### Work to be completed
What should be copied is the stretch of entries below from the line with "Pixi Clarity Lotion 50ml" up to and including the line with "Sportmax Olea straight", exactly and without images.
═════ Task data
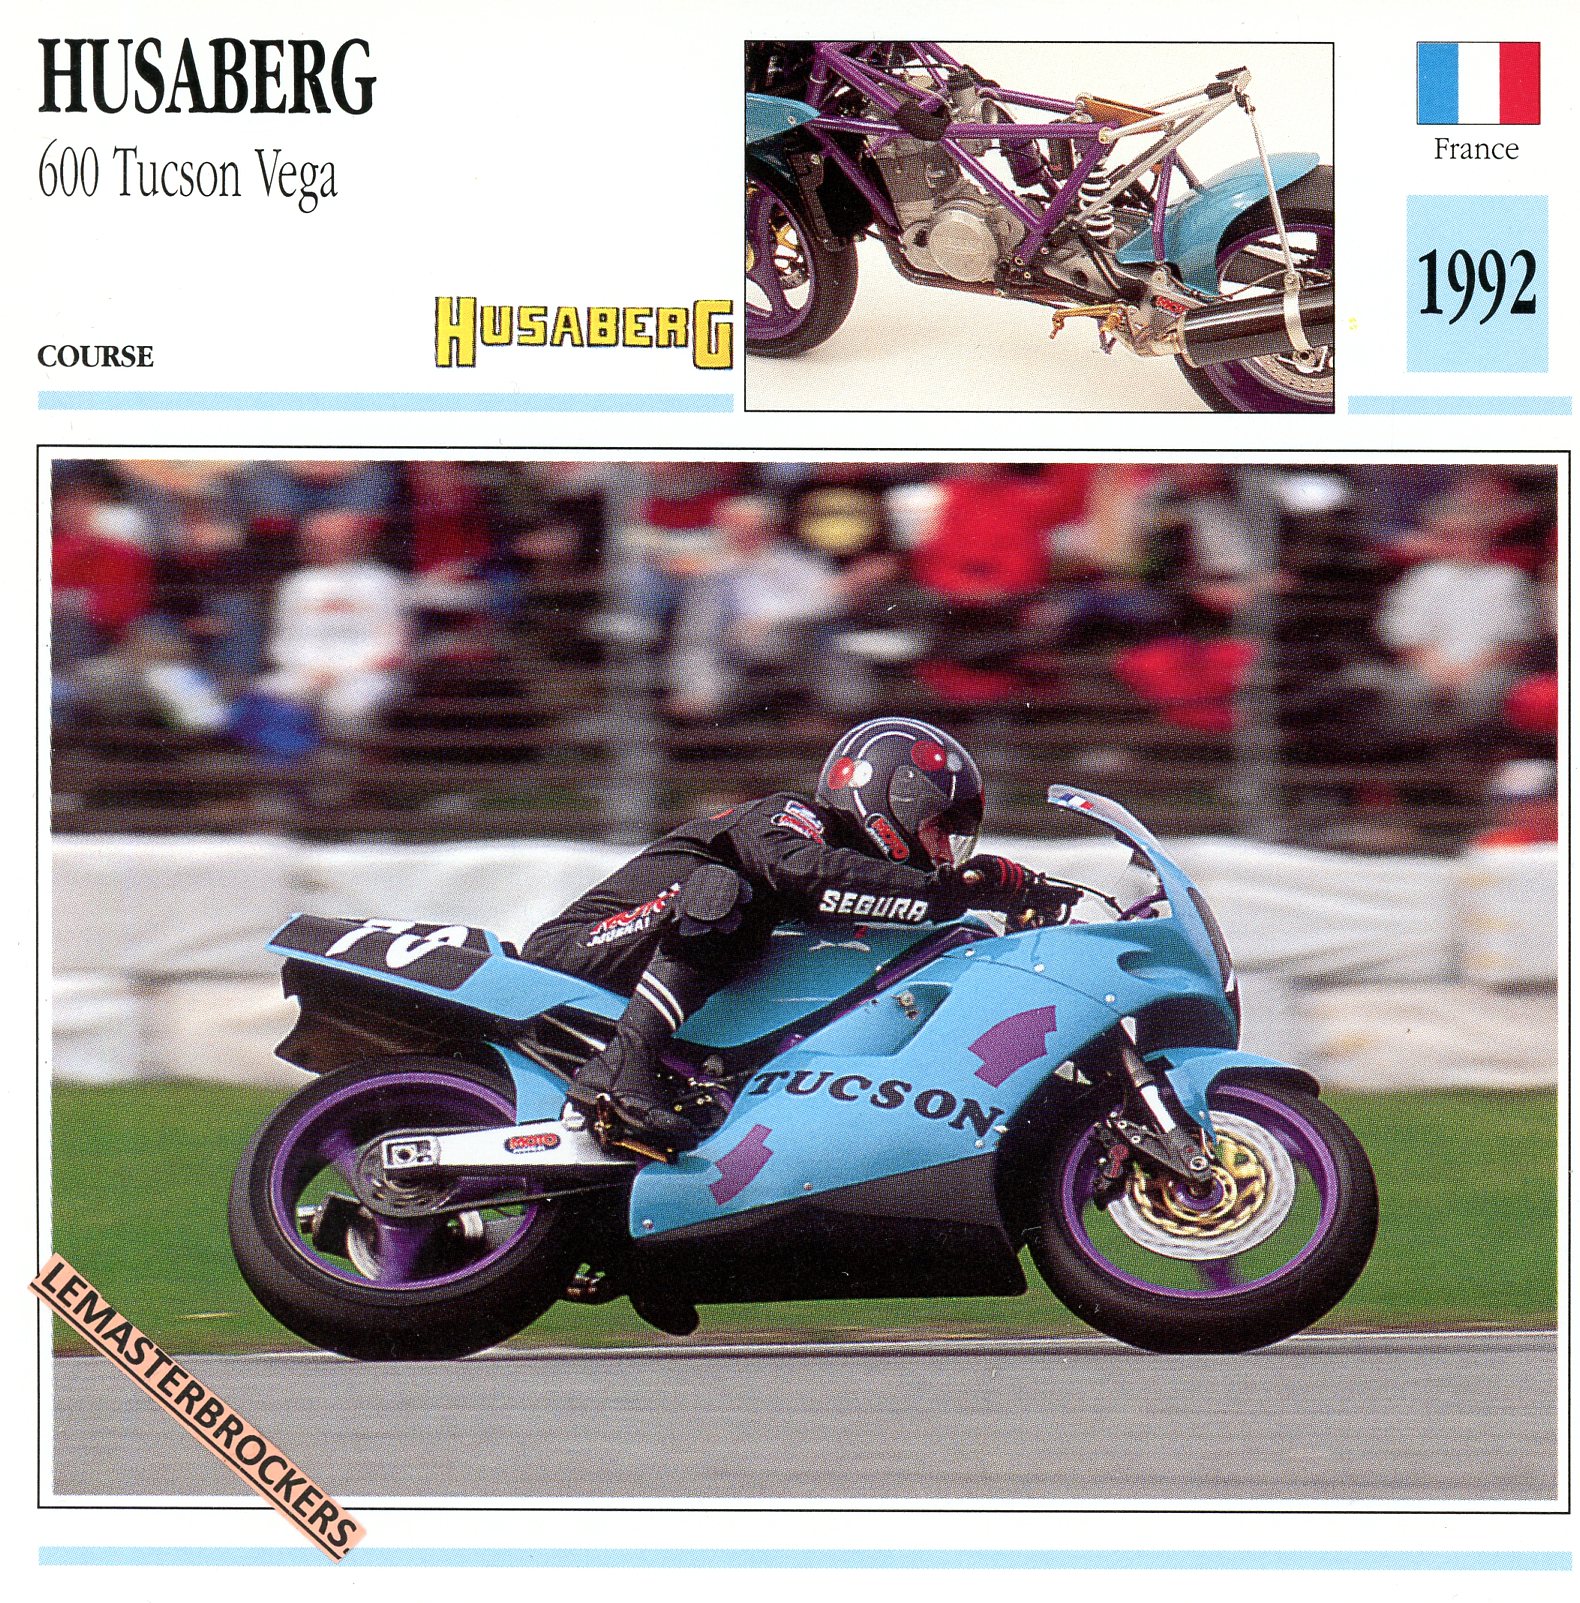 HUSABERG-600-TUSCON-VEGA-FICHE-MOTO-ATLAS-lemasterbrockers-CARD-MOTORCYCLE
══════════
═════ Task data
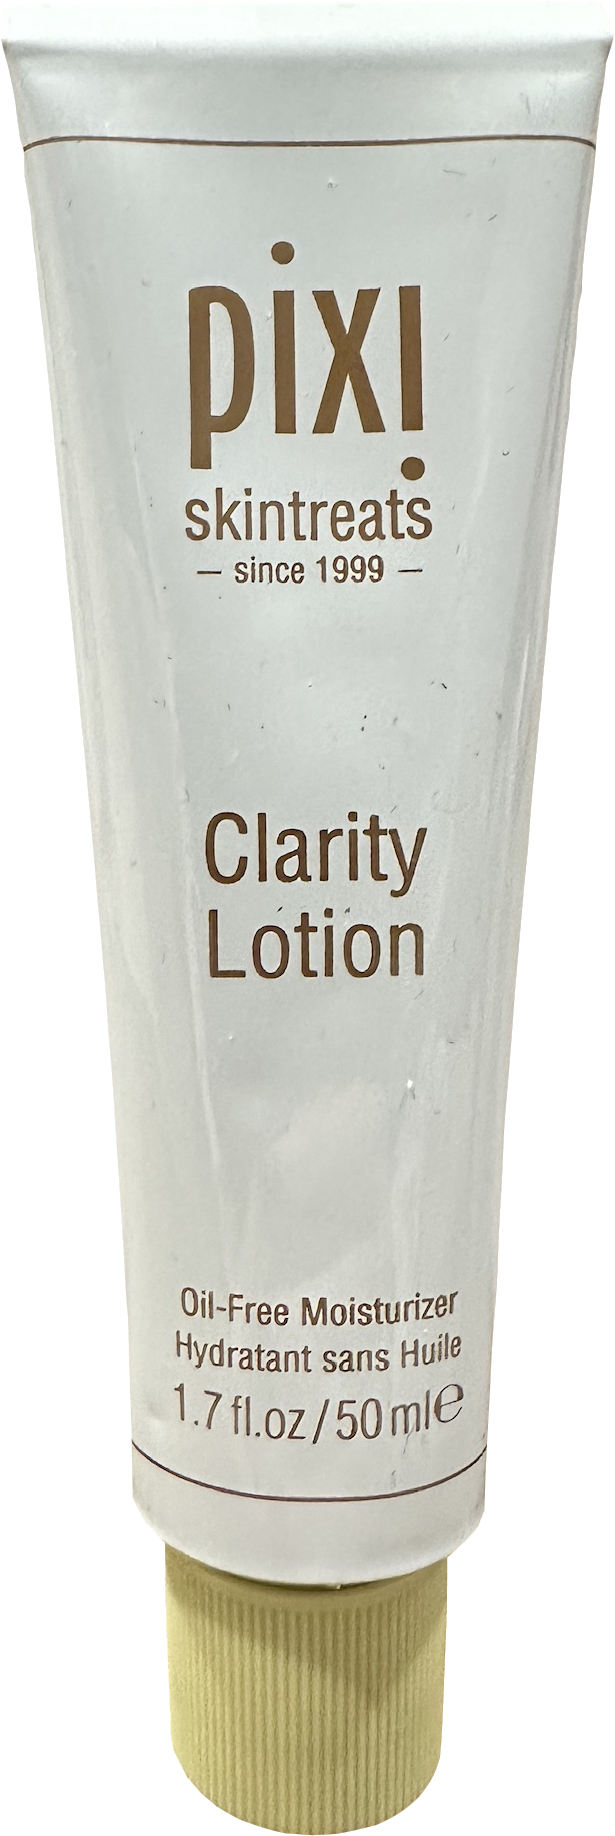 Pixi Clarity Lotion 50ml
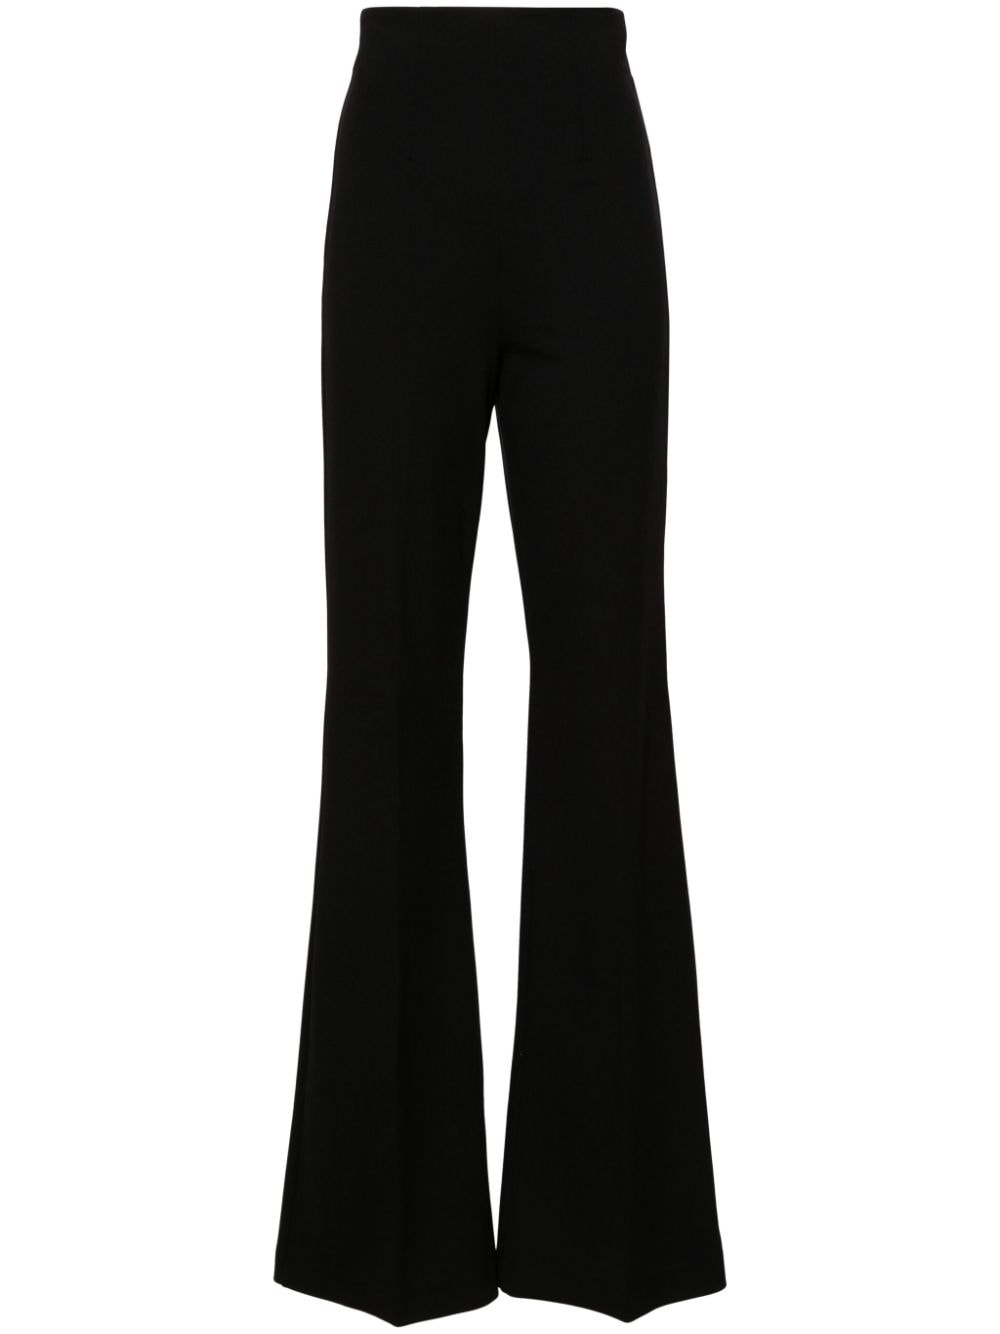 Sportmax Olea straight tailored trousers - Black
══════════
### Expected answer
 Pixi Clarity Lotion 50ml
 Sportmax Olea straight tailored trousers - Black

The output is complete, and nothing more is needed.